Lebogang James Motlhaping (born 23 November 1971) is a South African politician from the Northern Cape. He was the Member of the Executive Council for Transport, Safety and Liaison from 2018 to 2019, the MEC for Health from 2016 to 2018, and the MEC for Sports, Arts and Culture from 2014 to 2016. He was a Member of the Northern Cape Provincial Legislature from 2014 to 2019. Motlhaping is a member of the African National Congress.

Early life and education
Lebogang James Motlhaping was born on 23 November 1971 in Kuruman in the previous Cape Province.

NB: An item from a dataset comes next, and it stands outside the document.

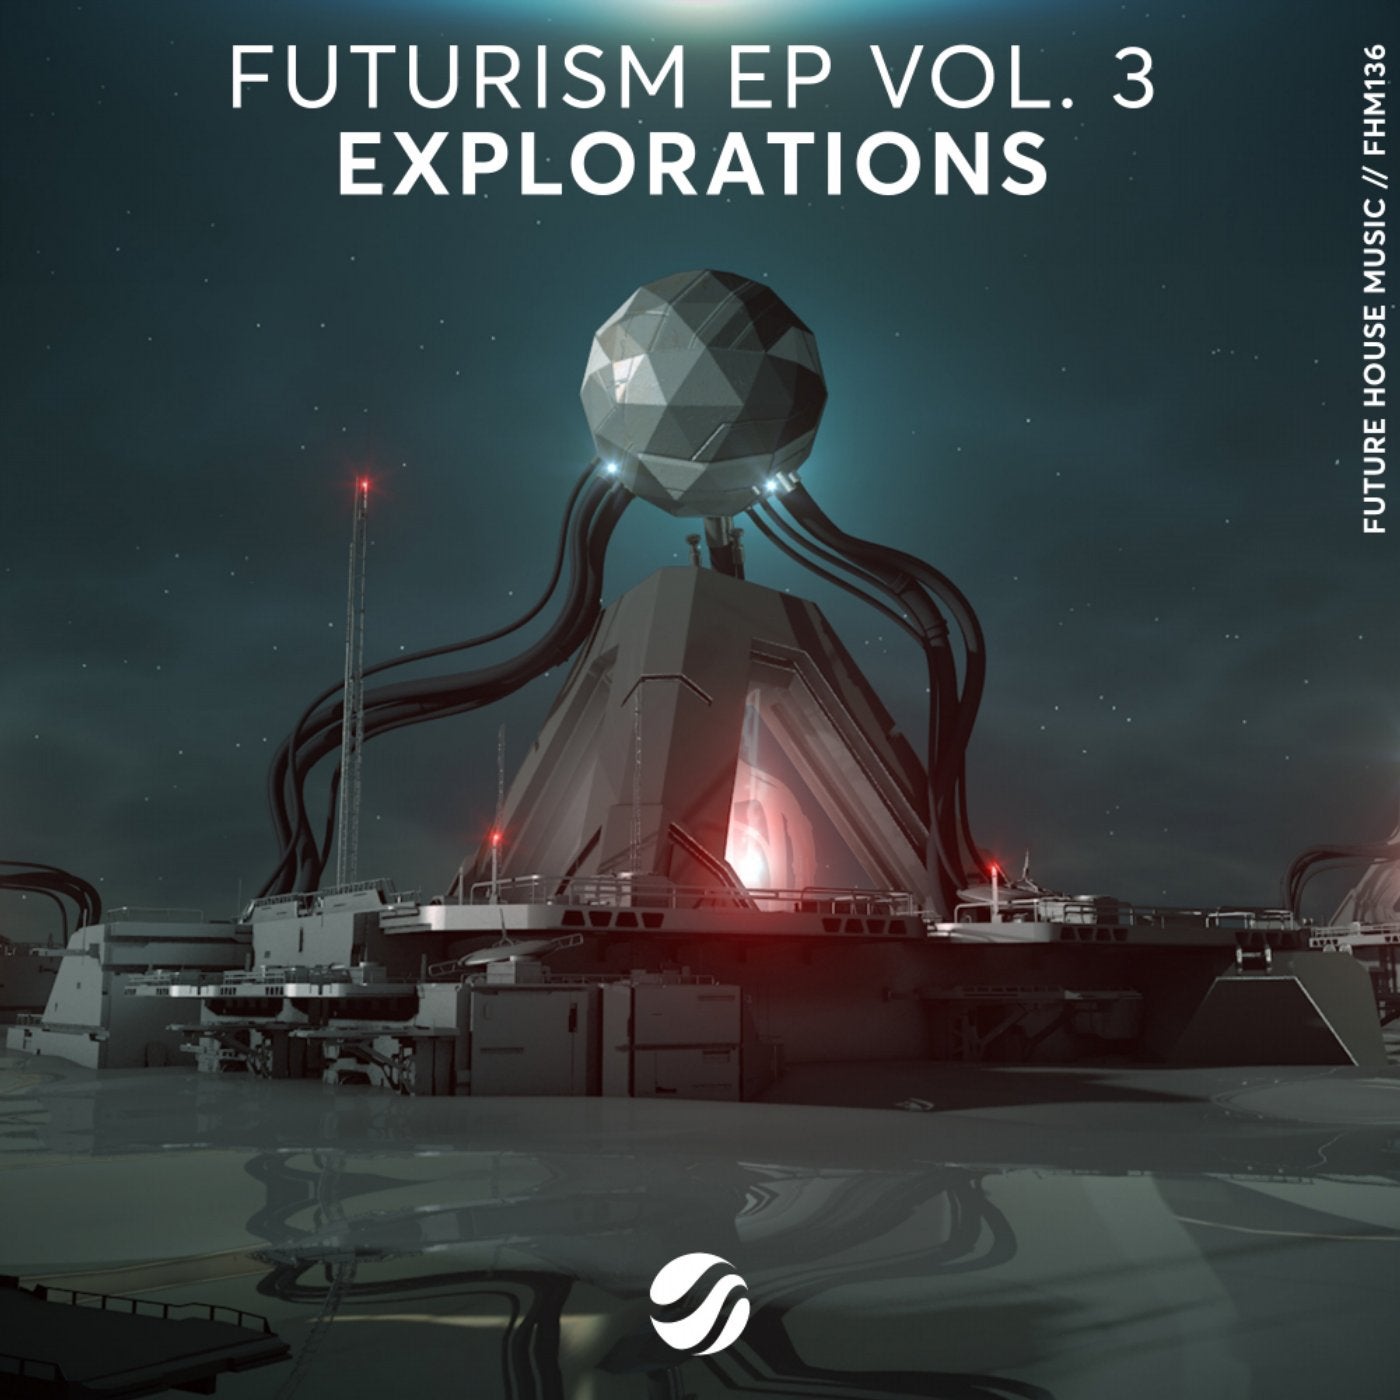 Futurism EP Vol. 3: Explorations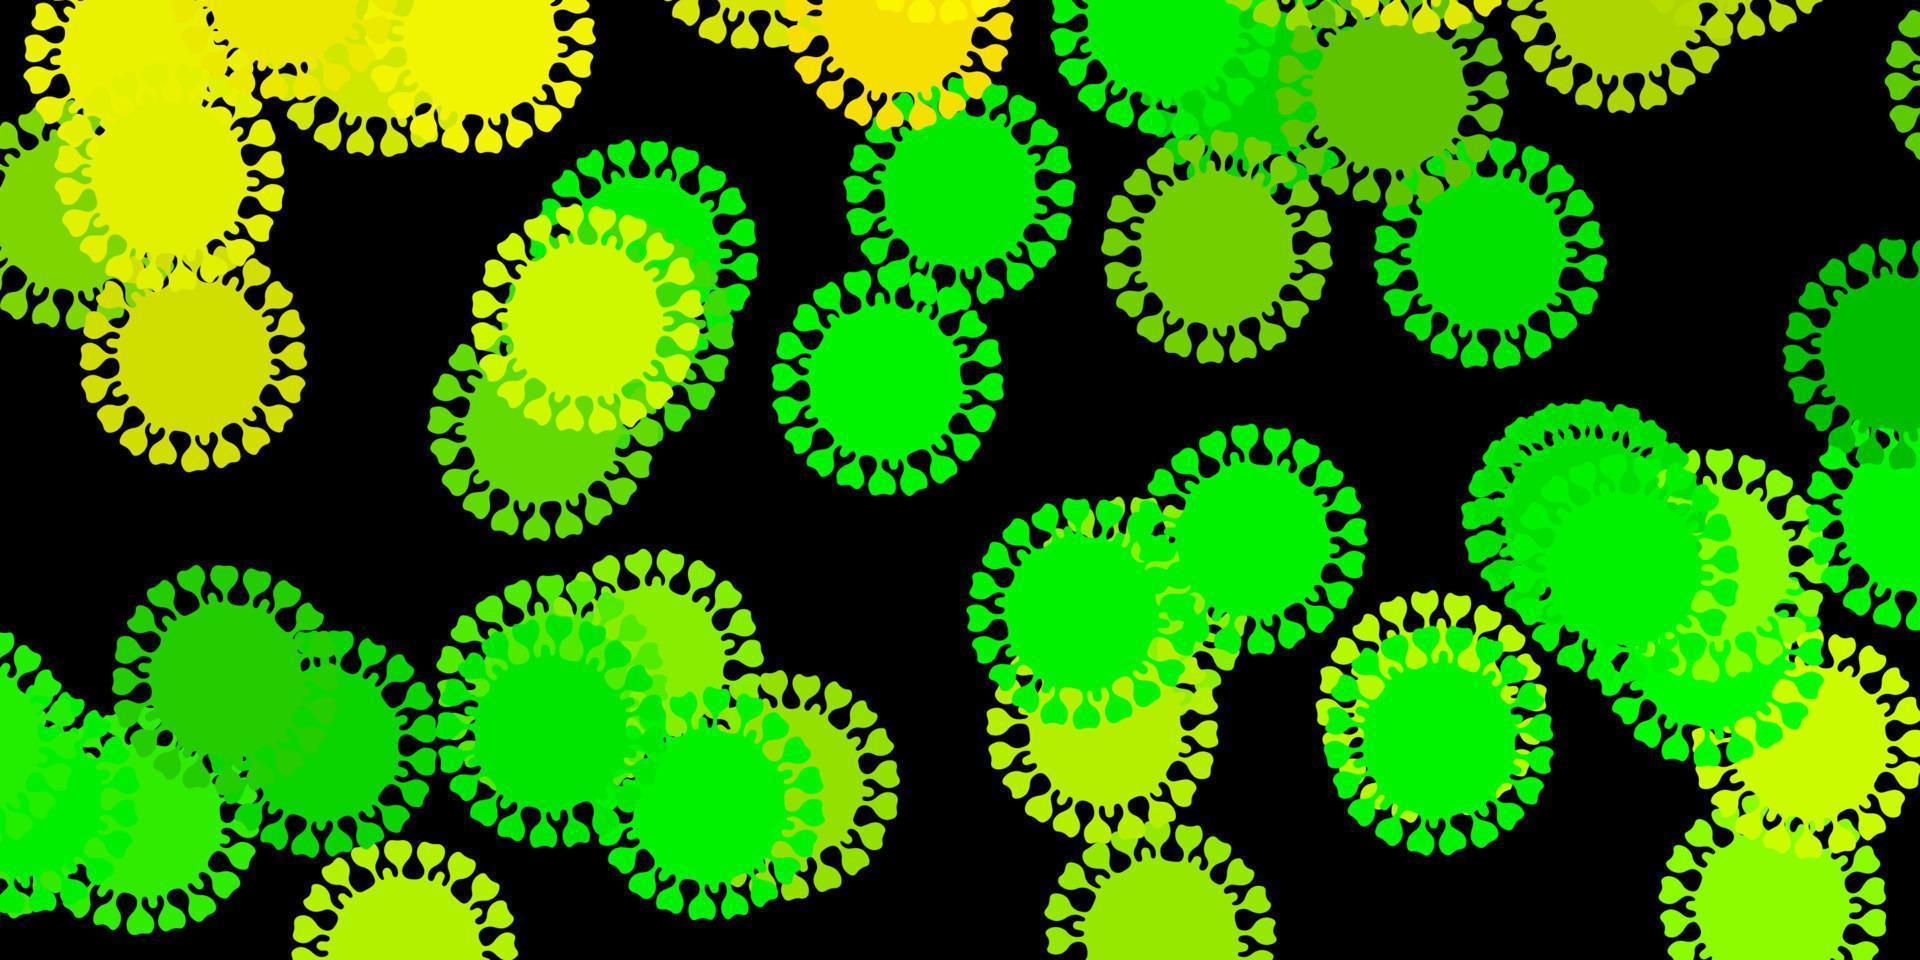 textura de vetor verde e amarelo escuro com símbolos de doença.

He attended high school in Loopeng in the Bophuthatswana bantustan. He then studied at the North-West University, where he obtained a community development certificate. He received a leadership certificate at the African Political Parties School. In 1996, he achieved a certificate in ethics management from PALAMA. Motlhaping is currently studying towards a degree in public administration from MANCOSA.

Career
While teaching at Bosheng Middle School, he organised for the Congress of South African Students from 1990 to 1996. He served as a member of the Black Rock Development Forum between 1995 and 1999. At the same time, he served as a district coordinator for the Mmabatho Adult Literacy and Education Trust. From 1998 to 2001, he worked as a provincial coordinator at ABET.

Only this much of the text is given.